The fundamental and explosive changes in the U.S. economy and its business system from 1860 to 1920 continue to fascinate and engage historians, economists, and sociologists. While many disagreements persist about the motivations of the actors, most scholars roughly agree on the central shifts in technologies and markets that called forth big business. Recent scholarship, however, has revealed important new insights into the changing cultural values and sensibilities of Americans who lived during the time, on women in business, on the ties between the emerging corporations and other American institutions, on the nature of competition among giant firms, and on the dawn of modern advertising and consumerism. This vast accumulation of notable new work on the social concept and consequences of economic change in that era has prompted Glenn Porter to recast numerous portions of The Rise of Big Business, one of Harlan Davidson’s most successful titles ever, in this, the third edition. Those familiar with this classic text will appreciate the expanded coverage of topics beyond the fray of regulation and the political dimensions of the emergence of concentrated enterprise, namely the influence of the rise of big business on social history.
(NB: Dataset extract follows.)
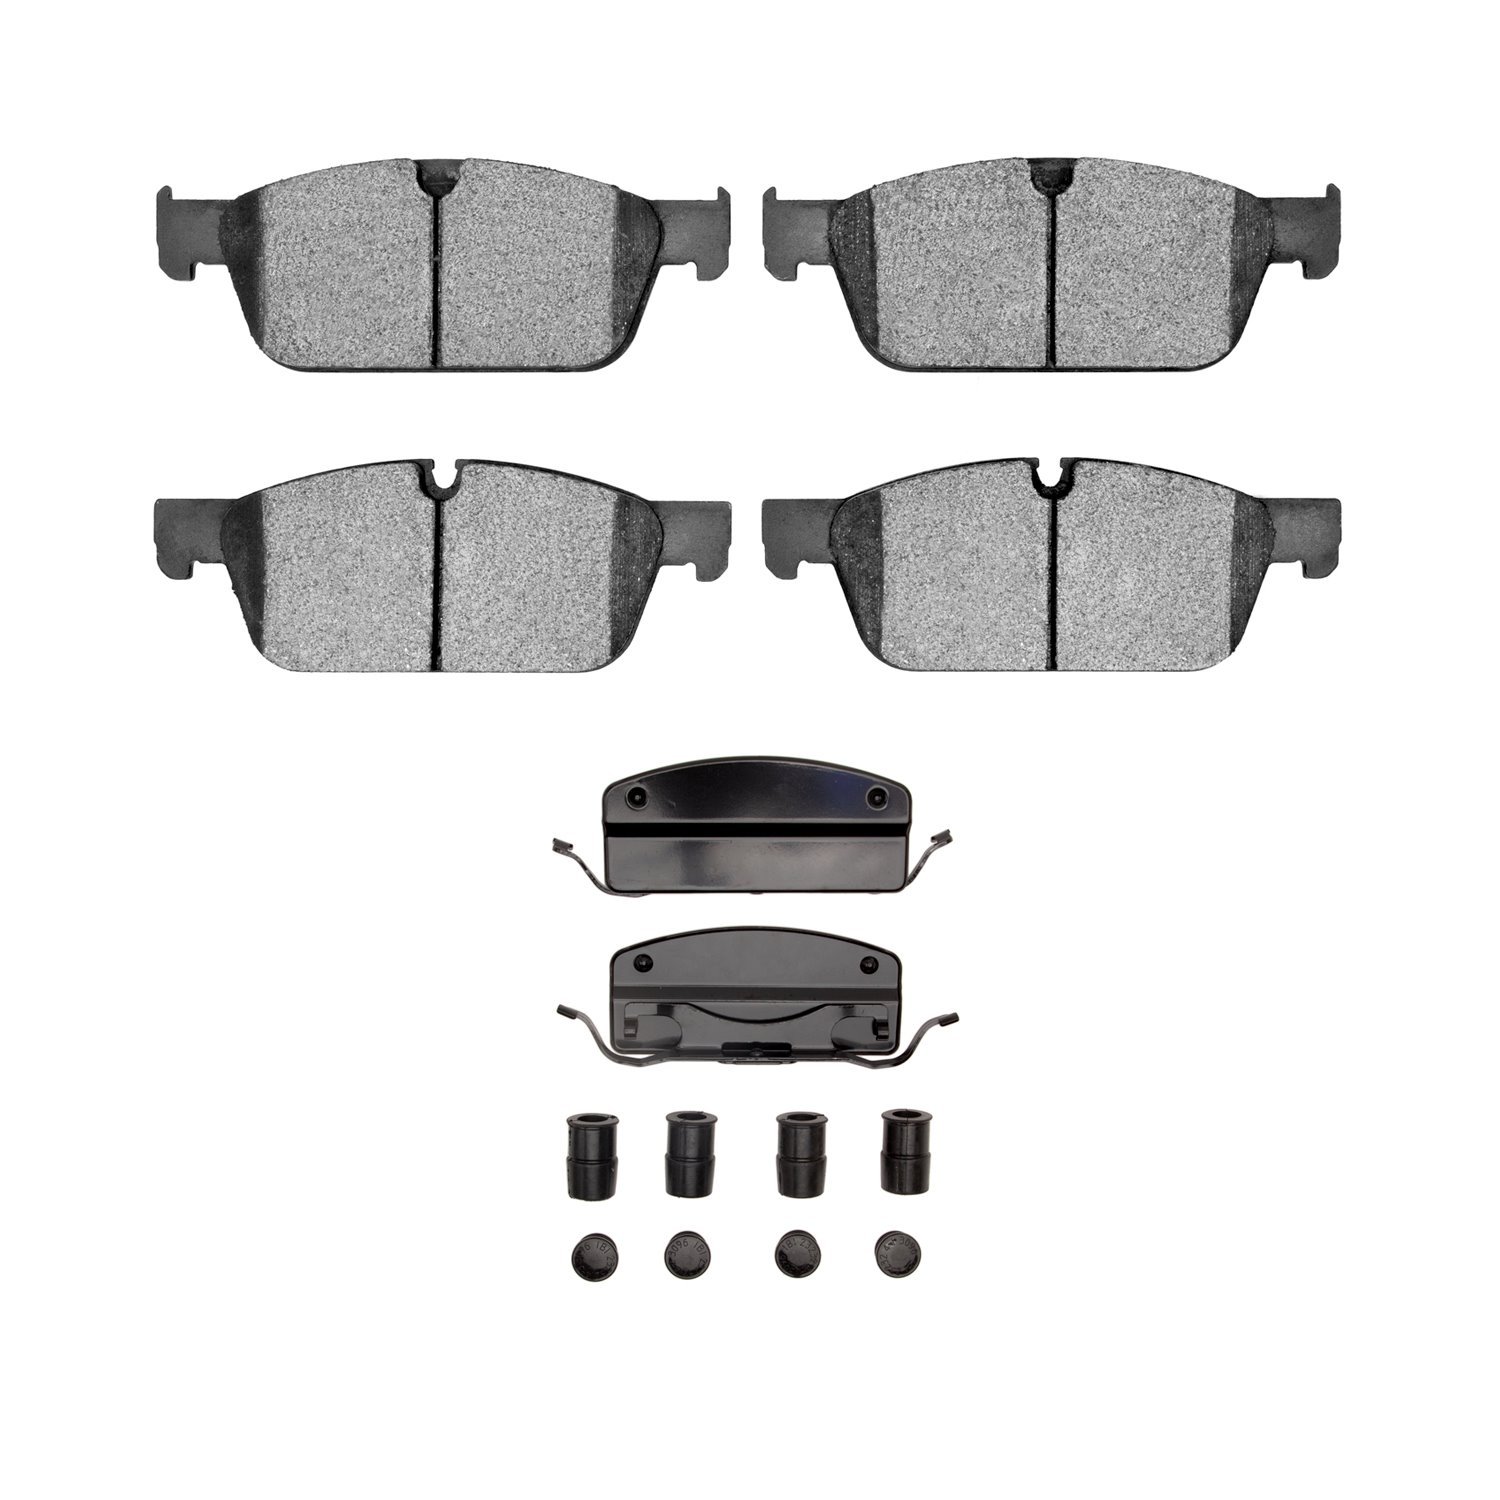 1311-1636-11 3000-Series Semi-Metallic Brake Pads & Hardware Kit, 2013-2019 Mercedes-Benz, Position: Front

An entirely new bank of photographs and illustrations rounds out the latest edition of our enduringly popular title, one perfect for supplementary reading in a variety of courses including the U.S. history survey, the history of American business, and specialized courses in social history and the Gilded Age.

Author : Colin Gordon
Category : Business & Economics
Publisher : Cambridge University Press
ISBN : 0521457556
Type book : PDF & Epub
Page book : 348

This book, an economic history of the interwar era, is the first major reinterpretation of the New Deal in thirty years.

Author : Arthur Richmond Marsh
Category : Banks and banking
Publisher :
ISBN : PRNC:32101041959261
Type book : PDF & Epub
Page book : 960

Author : Alfred D. Chandler Jr.
Category : Business & Economics
Publisher : Harvard University Press
ISBN : 0674940520
Type book : PDF & Epub
Page book : 628

The role of large-scale business enterprise—big business and its managers—during the formative years of modern capitalism (1850s–1920s) is delineated in this pathmarking book. Alfred Chandler, Jr., sets forth the reasons for the dominance of big business in American transportation, communications, and central sectors of production and distribution.